Task to complete
Nothing outside the range is to be copied. From the entries below, reproduce exactly the lines starting at the one with "Shopping bag being" and ending at the one with "Walmart dangles deeper", without pictures.

Start of Exercise material

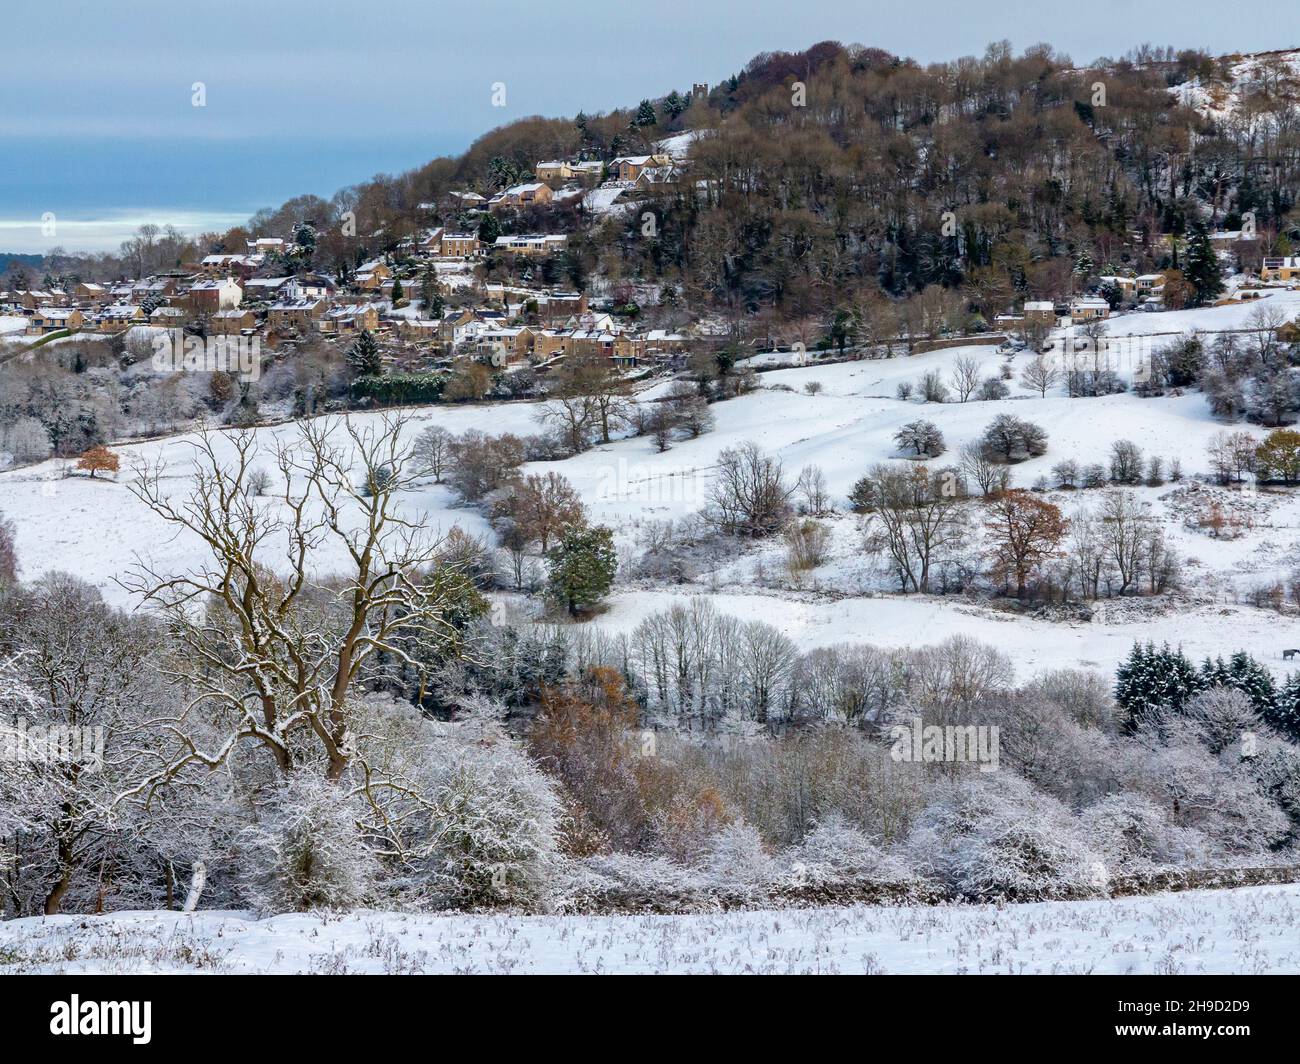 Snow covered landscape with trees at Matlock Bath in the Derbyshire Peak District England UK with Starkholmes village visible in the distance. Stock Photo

End of Exercise material
Start of Exercise material

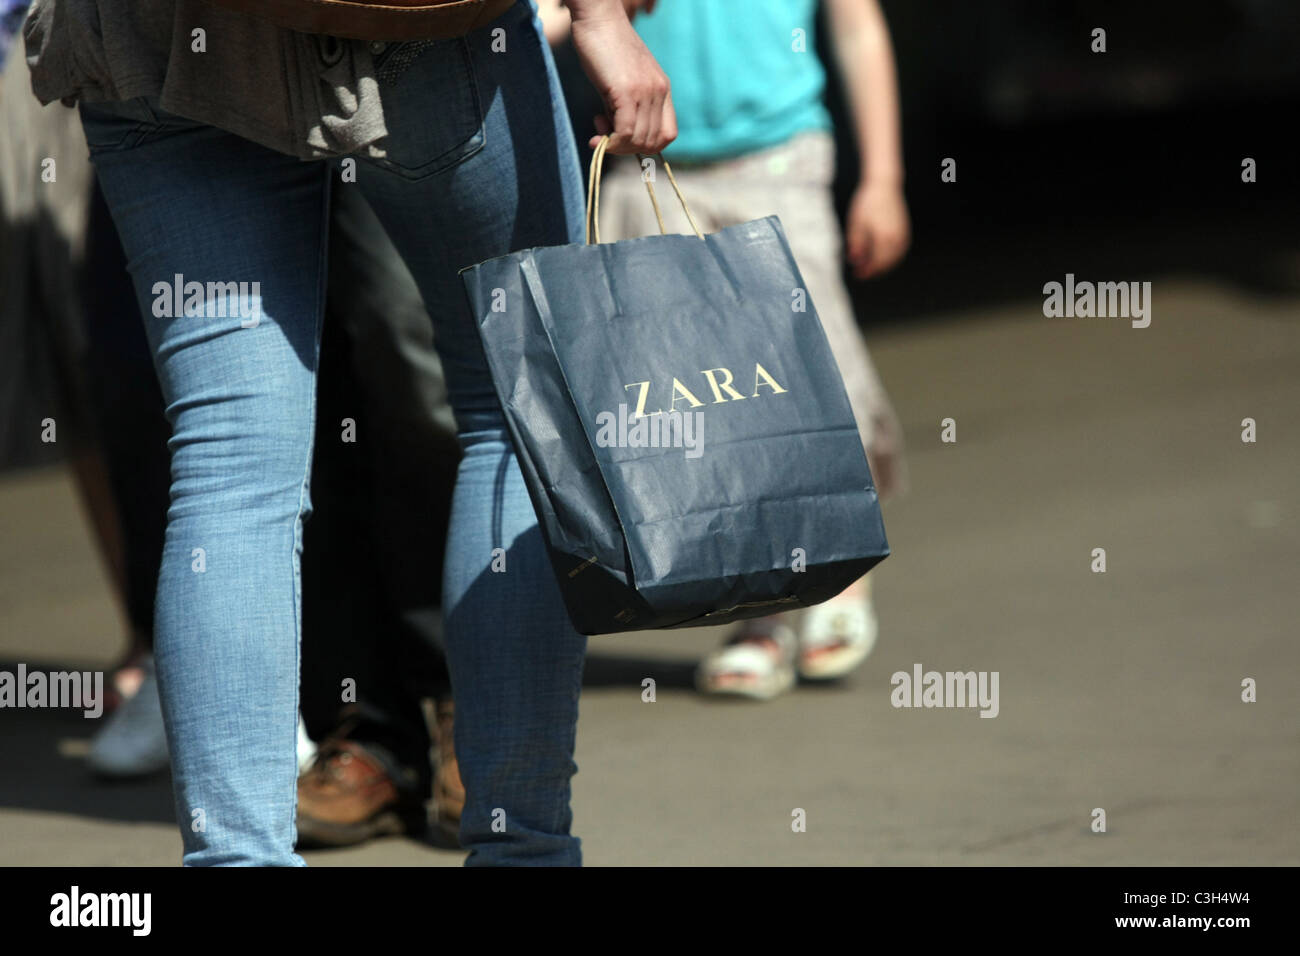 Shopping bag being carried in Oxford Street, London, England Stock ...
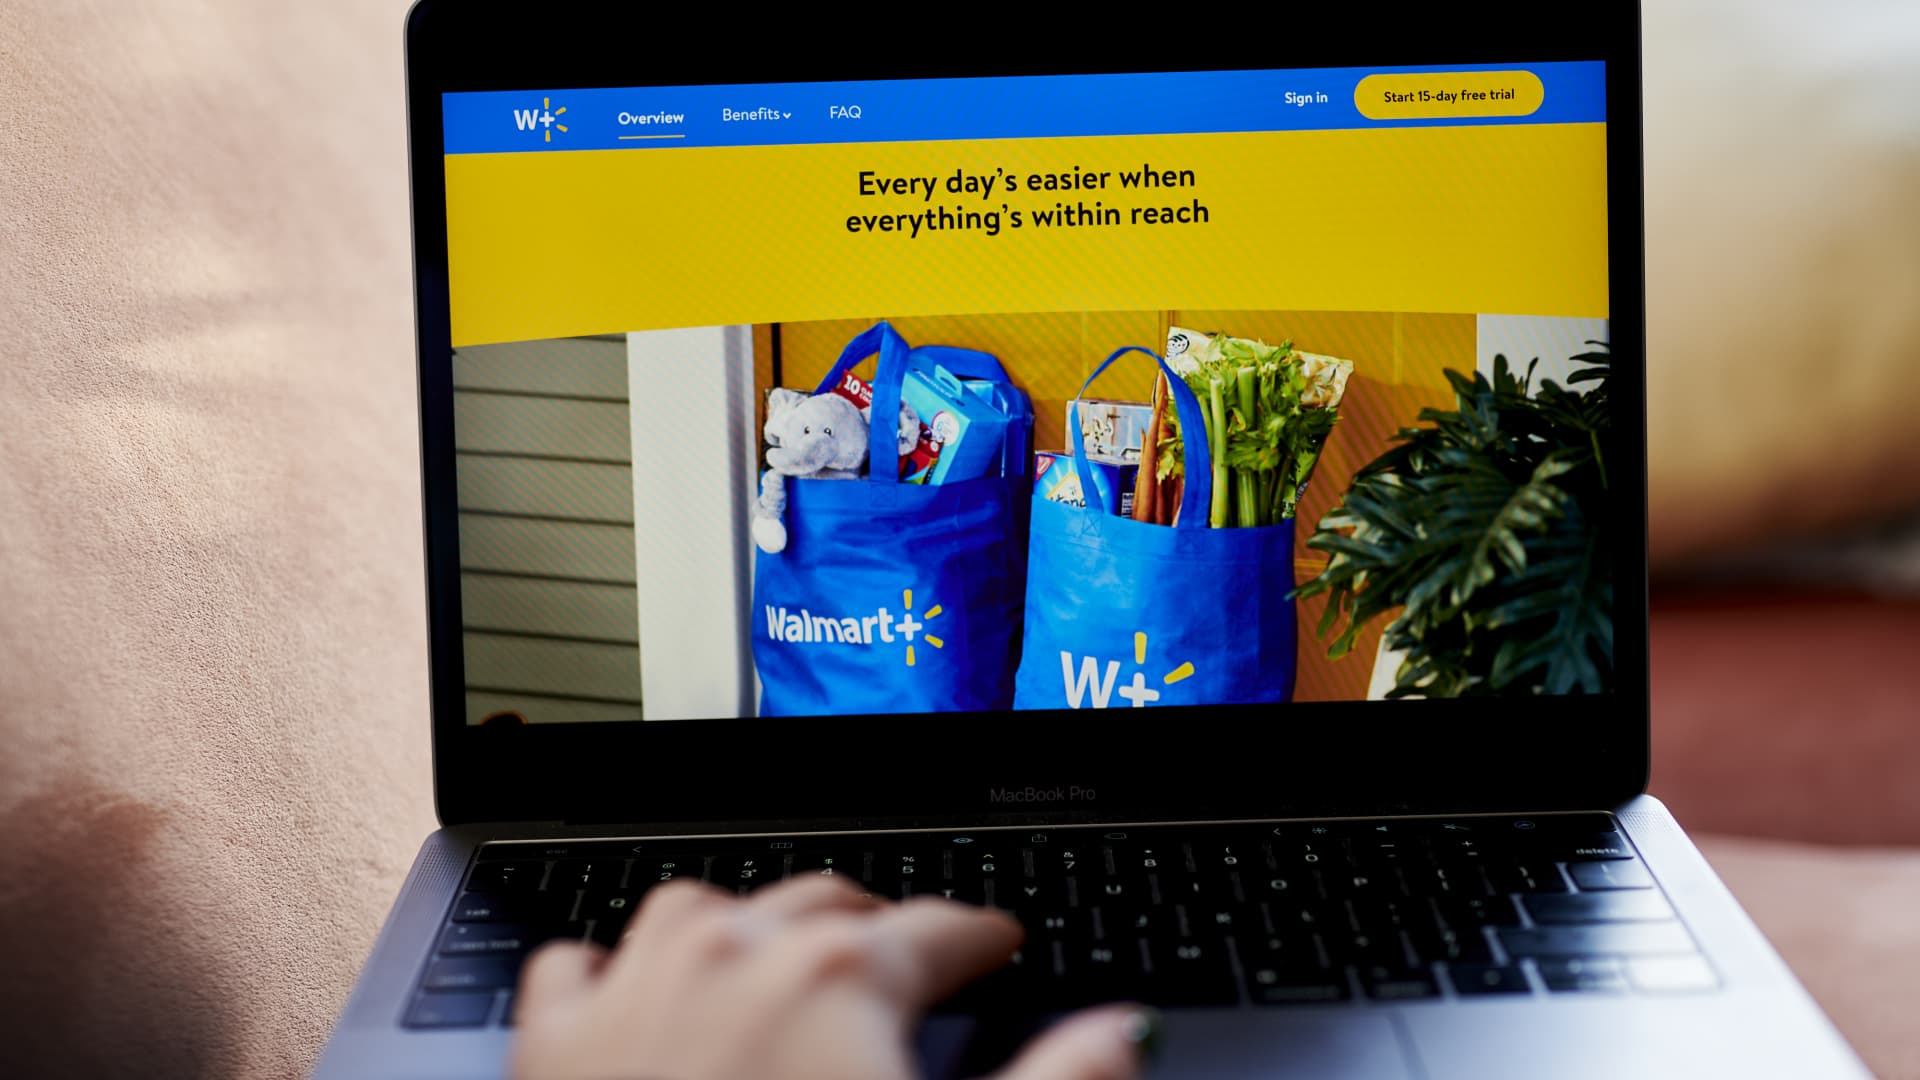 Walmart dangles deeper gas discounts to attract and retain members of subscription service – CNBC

End of Exercise material

Exercise response
 Shopping bag being carried in Oxford Street, London, England Stock ...
 Walmart dangles deeper gas discounts to attract and retain members of subscription service – CNBC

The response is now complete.